What to do: Give again, exactly as written, the lines of the records below from the line with "My favorite bookstagram of Cold Storage" to the line with "Command-Line Options". Both end lines count; pictures do not.

The input:
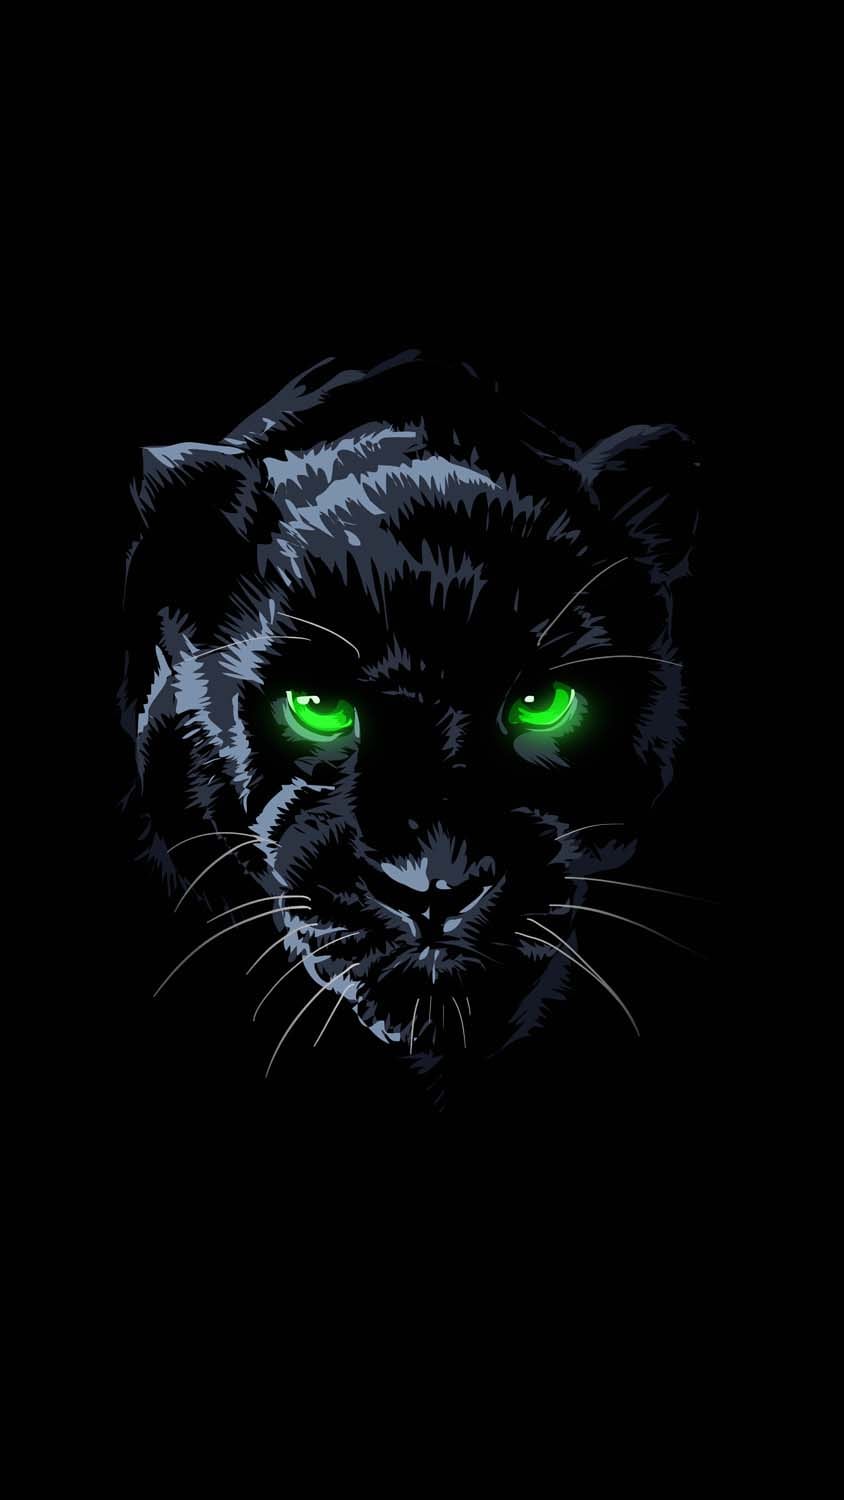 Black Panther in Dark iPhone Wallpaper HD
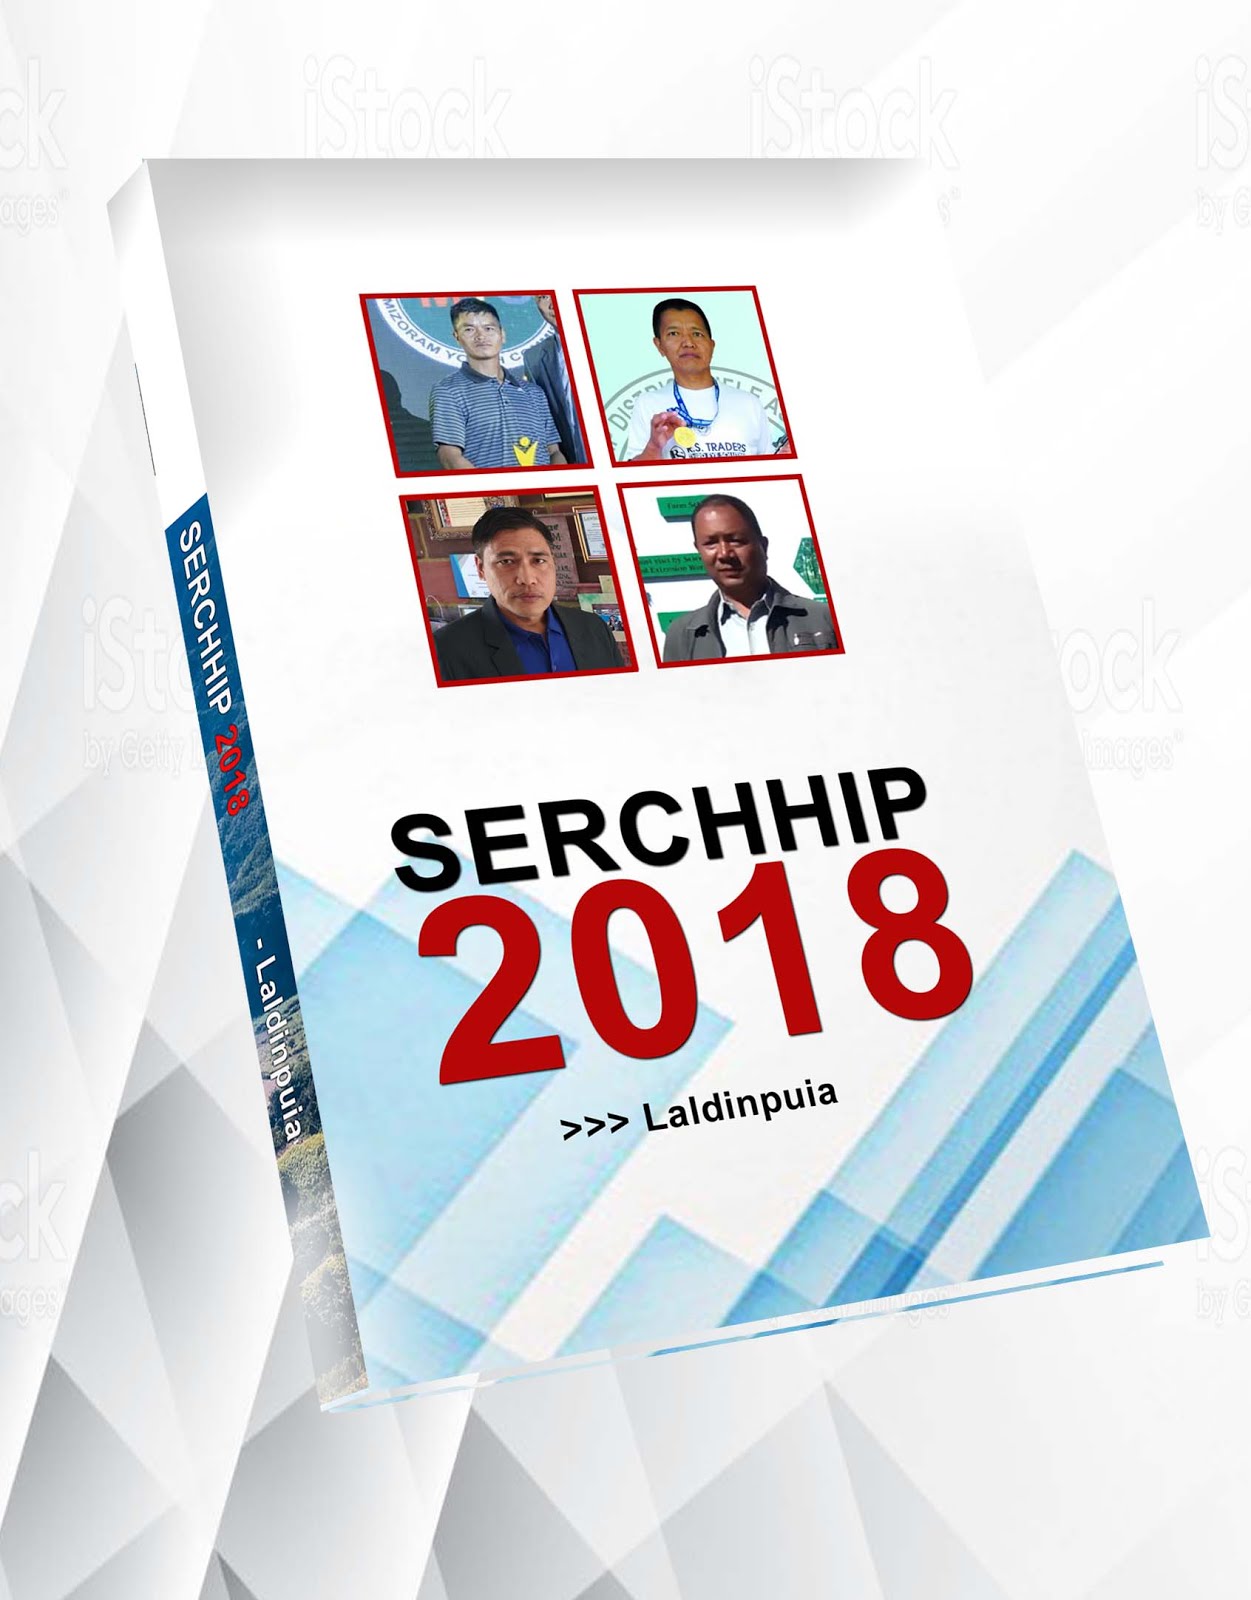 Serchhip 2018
...
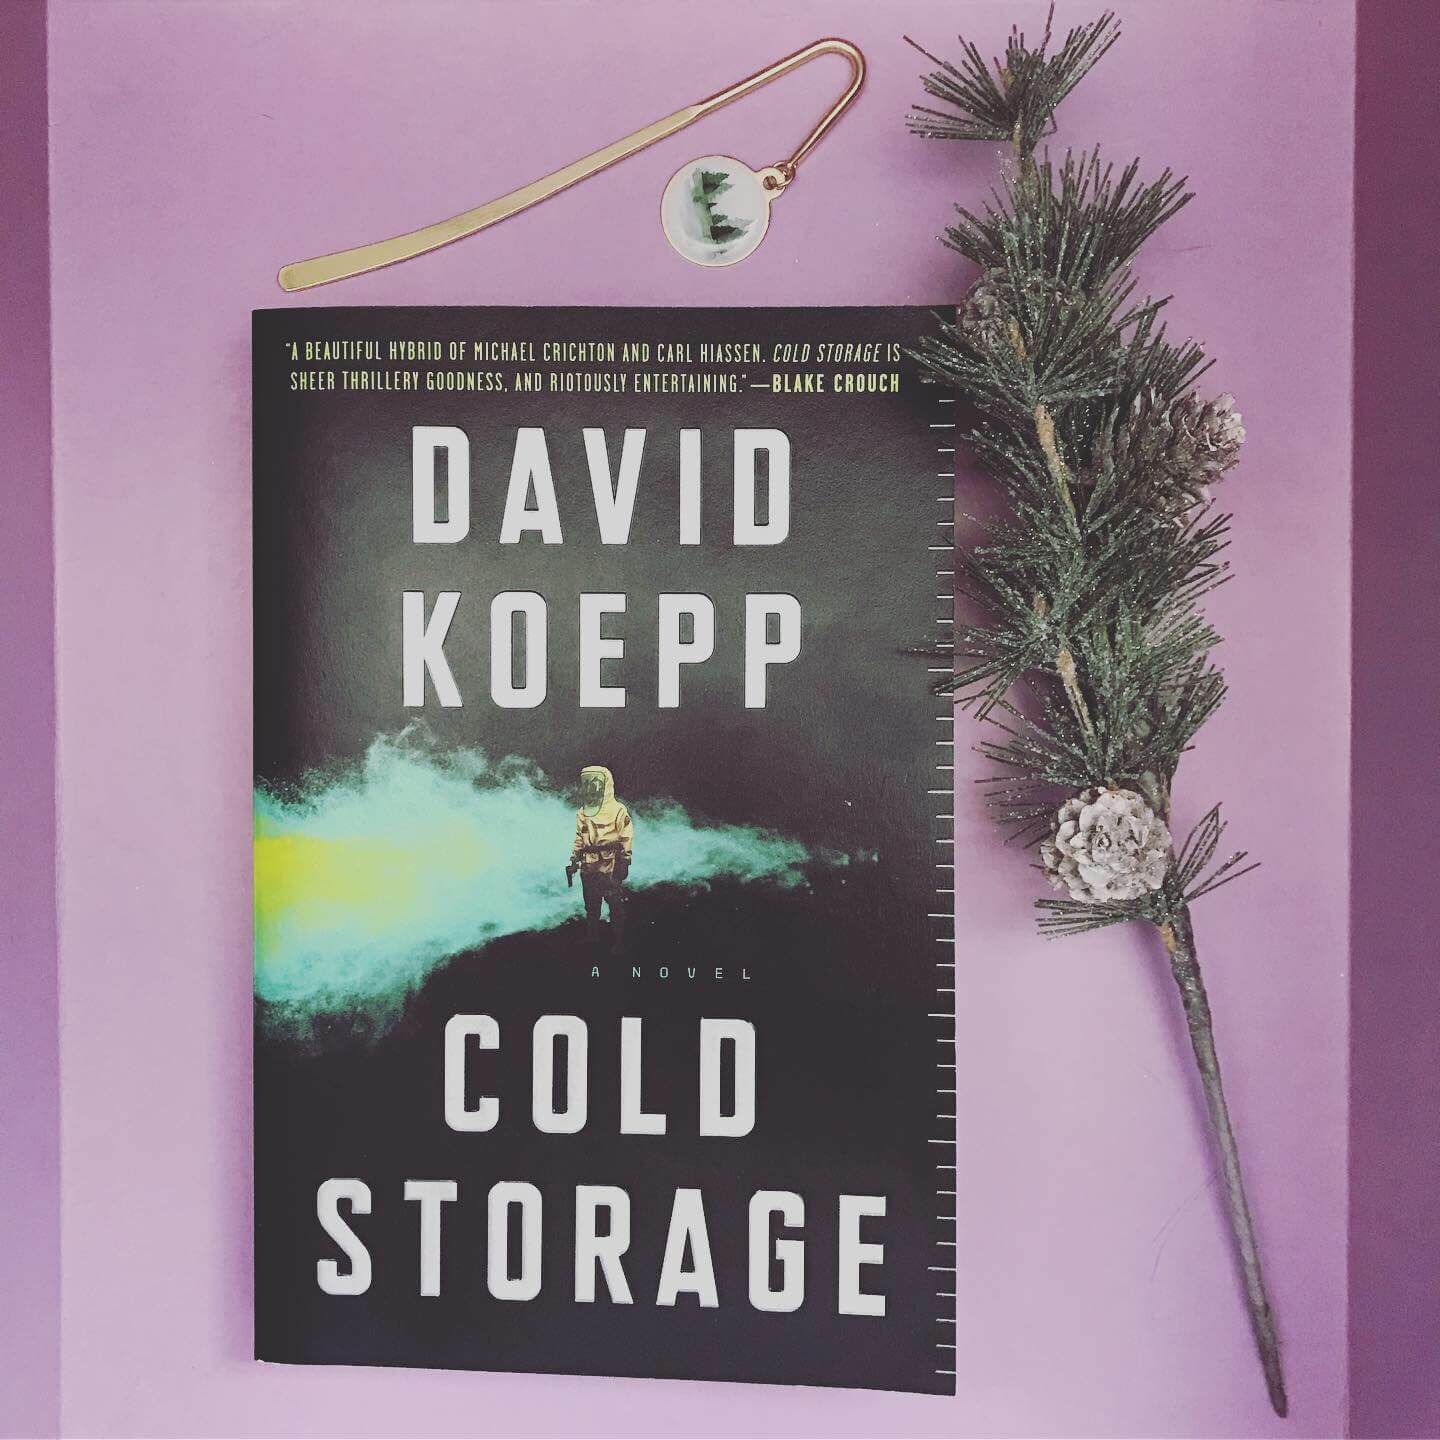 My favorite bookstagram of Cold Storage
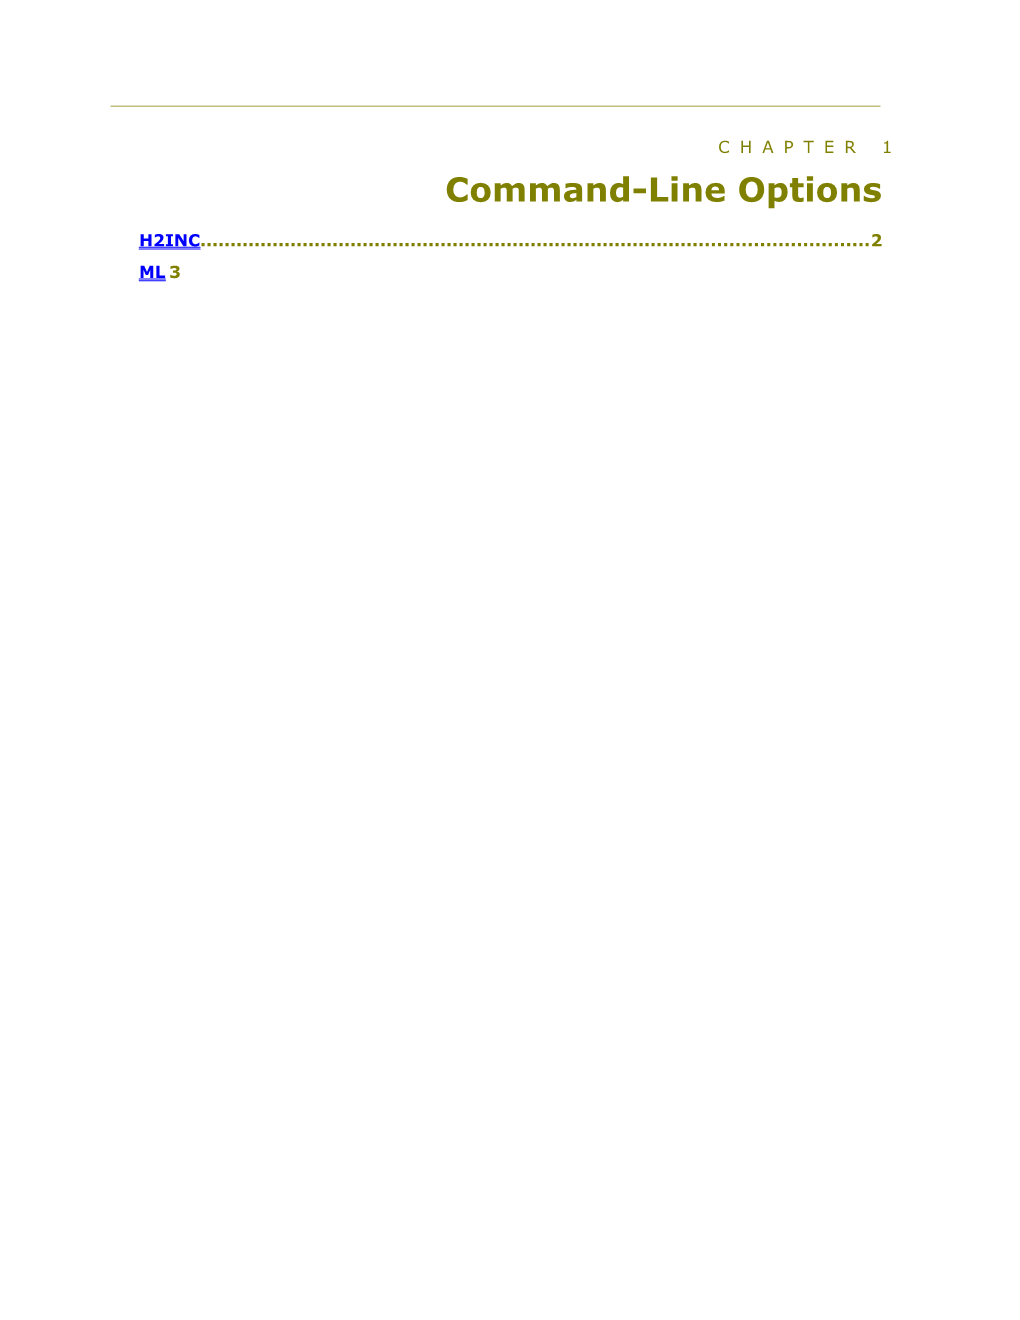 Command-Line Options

Solution:
 My favorite bookstagram of Cold Storage
 Command-Line Options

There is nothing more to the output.